How does aluminium foil help in boosting WiFi speed?

Researchers at Dartmouth University have found that a 3D printed shape covered in aluminum foil can improve wireless range and increase Wi-Fi security. The project, which appeared on Eurekalert, involves placing a reflector on and around a Wi-Fi router’s antennae to shape the beam, increasing range and preventing it from passing through to unwanted spaces.
“With a simple investment of about $35 and specifying coverage requirements, a wireless reflector can be custom-built to outperform antennae that cost thousands of dollars,” said Xia Zhou, a Dartmouth assistant professor.
In their paper, Zhou and her colleagues tested multiple styles of directional antennas and also tested an “anecdotal” solution that involved sticking a soda can behind a router to shape the radio waves towards a target. After a few iterations, they were able to create specific shapes to increase Wi-Fi reception in specific rooms. They then created a program called WiPrint that 3D prints the exact shape needed to form the beams for better coverage and security. Once printed all you have to do is cover them in aluminum foil.
The team found that their reflectors could accurately shape Wi-Fi beams to avoid some spaces and favor others, thereby increasing security and coverage. For example, you could shape your beam to avoid going out a window into the street but be stronger in a room nearby.

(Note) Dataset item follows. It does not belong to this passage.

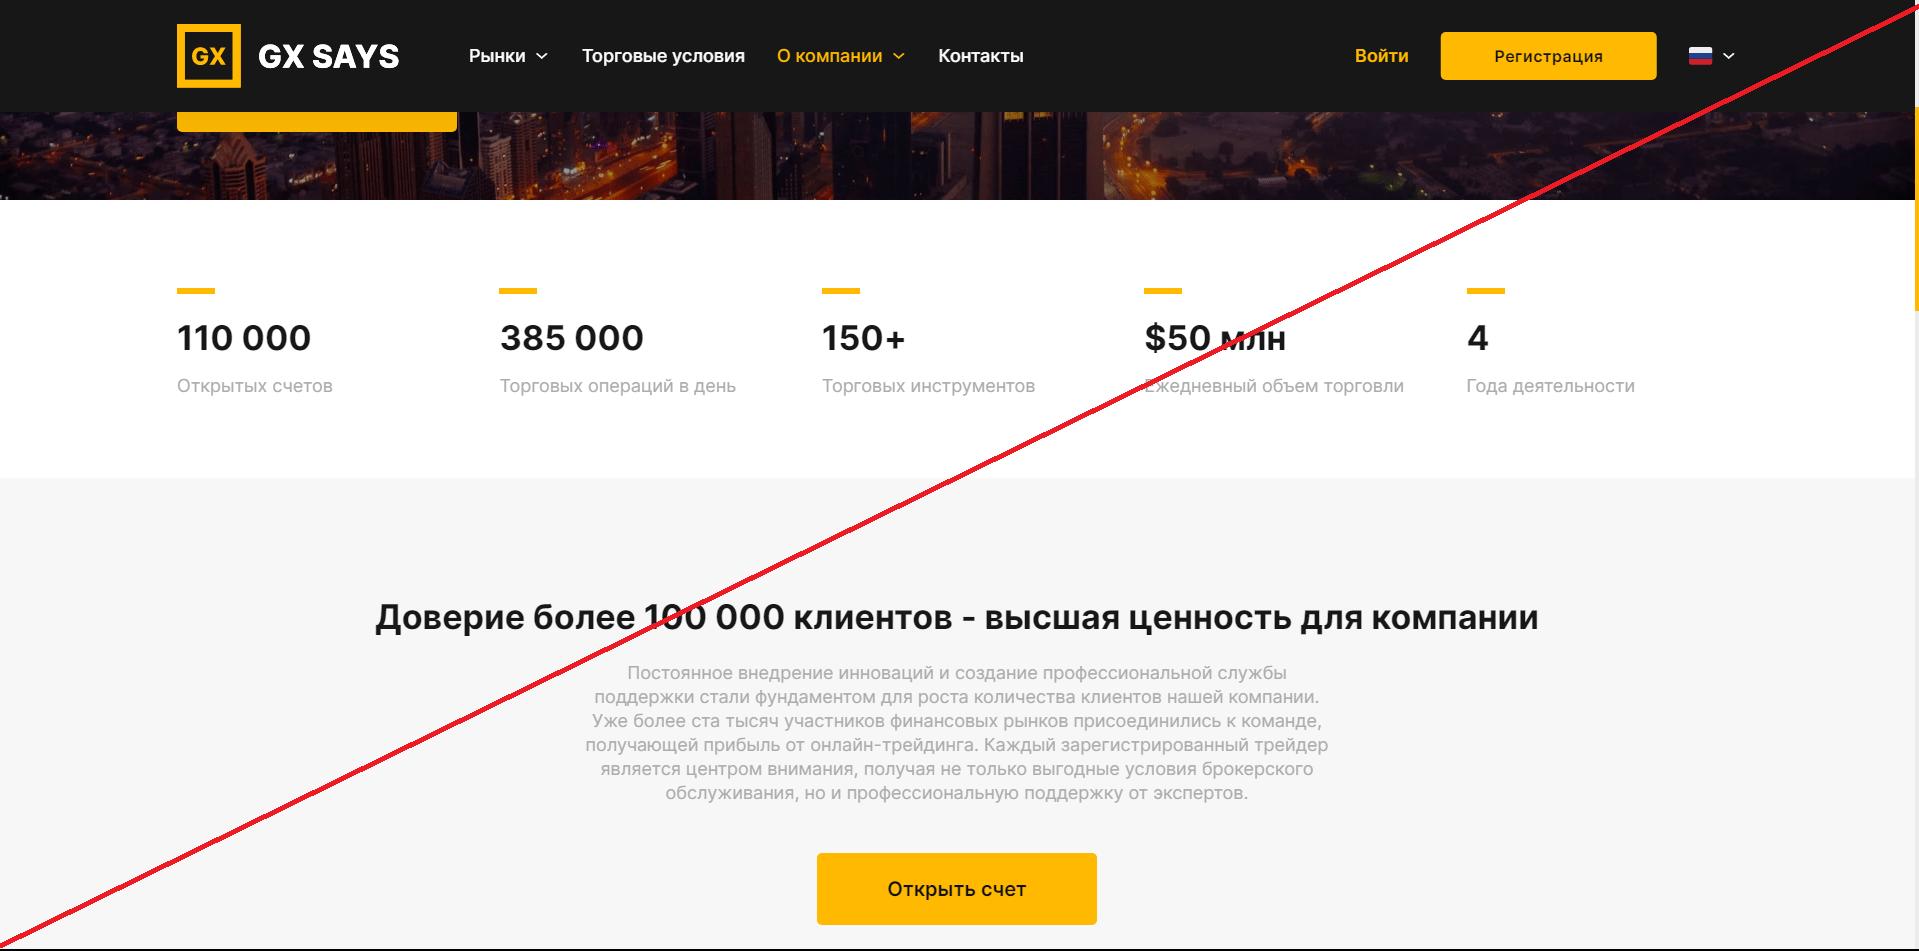 GX Says - Мошенники

They haven’t yet released the software but rest assured that your grandpa was right: aluminum foil and antennas do mix.
Abstract
Judicious control of indoor wireless coverage is crucial in built environments. It enhances signal reception, reduces harmful interference, and raises the barrier for malicious attackers. Existing methods are either costly, vulnerable to attacks, or hard to configure. We present a low-cost, secure, and easy-to-configure approach that uses an easily-accessible, 3D-fabricated reflector to customize wireless coverage. With input on coarse-grained environment setting and preferred coverage (e.g., areas with signals to be strengthened or weakened), the system computes an optimized reflector shape tailored to the given environment. The user simply 3D prints the reflector and places it around a Wi-Fi access point to realize the target coverage. We conduct experiments to examine the efficacy and limits of optimized reflectors in different indoor settings. Results show that optimized reflectors coexist with a variety of Wi-Fi APs and correctly weaken or enhance signals in target areas by up to 10 or 6 dB, resulting to throughput changes by up to -63.3% or 55.1%.